In 1986, on BBC Breakfast Time, I was asked to comment on the report into the death of four-year-old Heidi Koseda, who starved to death in a locked room in Hillingdon in 1984.
Her stepfather was jailed for life for her murder while her mother was found guilty of manslaughter.
An inquiry found that the senior National Society for the Prevention of Cruelty to Children inspector allocated to her case failed to investigate a complaint of child abuse made by a neighbour then tried to cover this up with a fictitious account of a visit to see the child.
Last week I was asked to comment on the death of four-year-old Hamzah Khan, whose mummified body was found in a cot in his mother’s bedroom almost two years after he starved to death.
His mother, who denies manslaughter, is on trial and we do not know the outcome of the case but we do know about four-year-old Daniel Pelka.
Last week a serious case review found evidence of repeated failures by the agencies in Coventry responsible for his care, although it said no one could have predicted his death.
Really? Shouldn’t breaking a child’s bones, starving and beating him, holding him under water and force feeding him salt over a protracted period be noticed by someone?
If a pupil was repeatedly scavenging in bins for food shouldn’t a teacher ponder?
Doctors who examined Daniel after his death found he had 40 separate injuries and described him as looking like a concentration camp victim.
Police received 27 reports of domestic violence in Daniel’s home. Yet none of the professionals who worked with Daniel raised serious concerns.
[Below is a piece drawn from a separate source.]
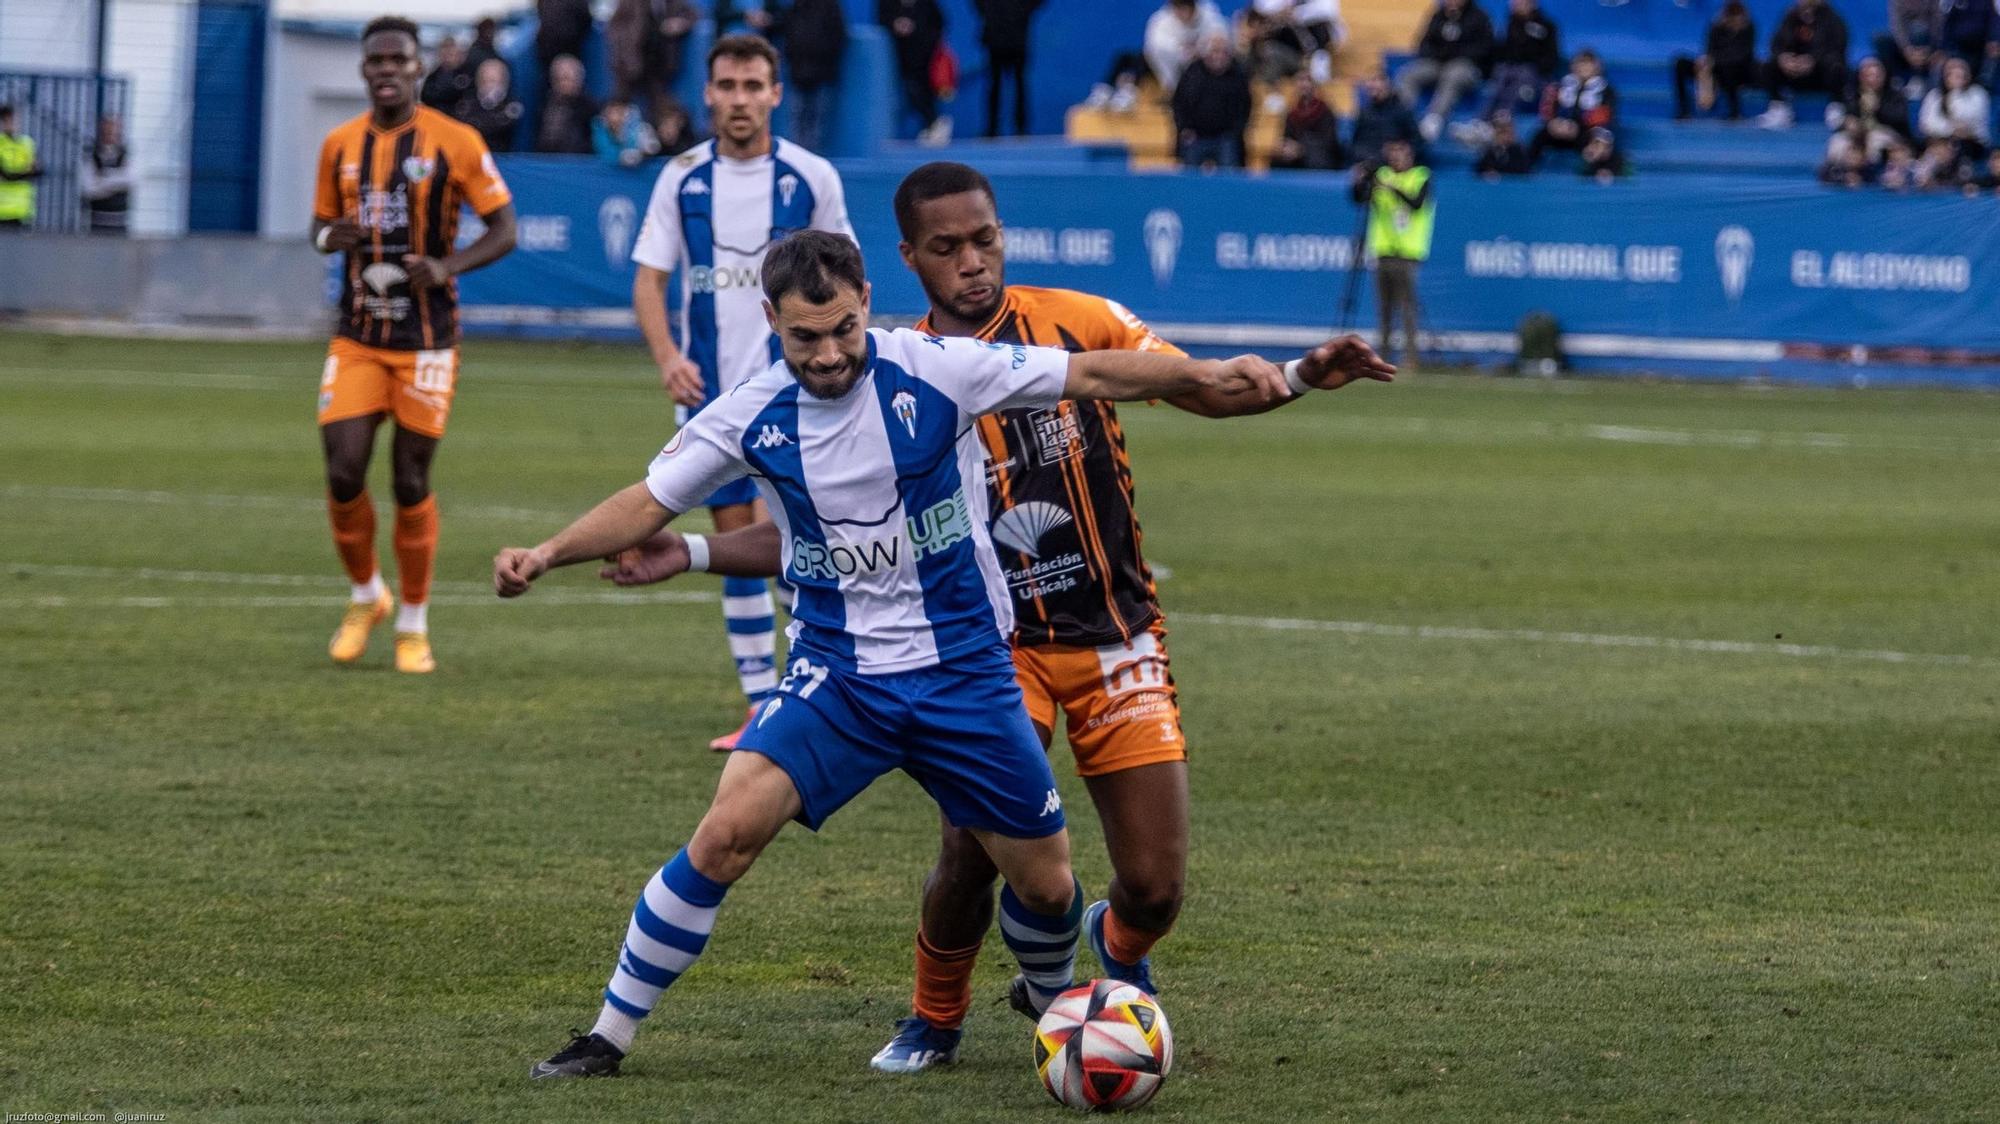 Alcaina da la victoria al Deportivo Alcoyano con un gol de penalti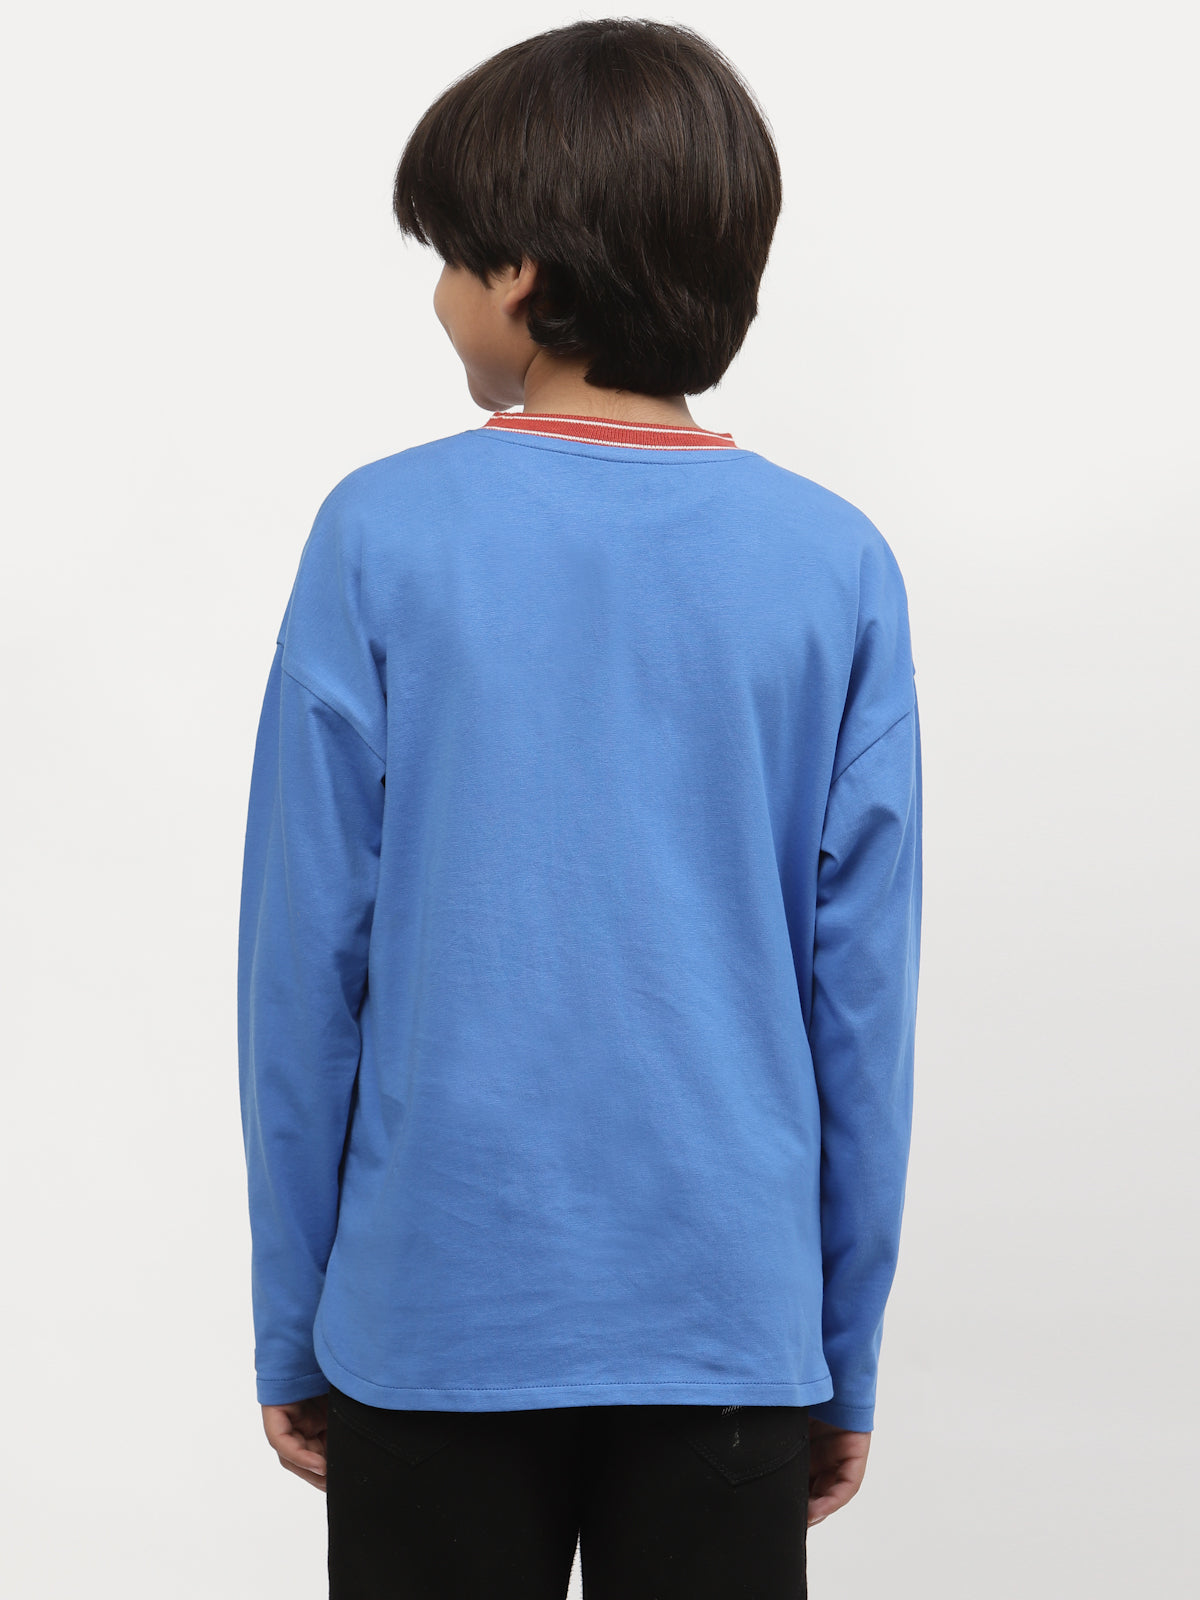 Spunkies Boys Winter Chest Pocket Printed Tshirt-Blue

The £120,000-a-year director of Coventry’s Childrens’ Services, paid to safeguard children, resigned as the scandal unfolded then walked straight into a new job as chair of Safeguarding Children in another area.
Fortunately, public outrage has since forced his resignation.
Home Secretary Theresa May says there are “lessons to be learned” from the report on Daniel Pelka. Which is exactly what was said after the report on Heidi Koseda.
It is exactly what will eventually be said about the death of Hamza Khan.
Thirty years on and nothing has changed.
:: The sheer awfulness of the party conferences, every one of them, allied to the revelations of Damian McBride, depressed me.
What have we done to be saddled with this lot, not a hero among them!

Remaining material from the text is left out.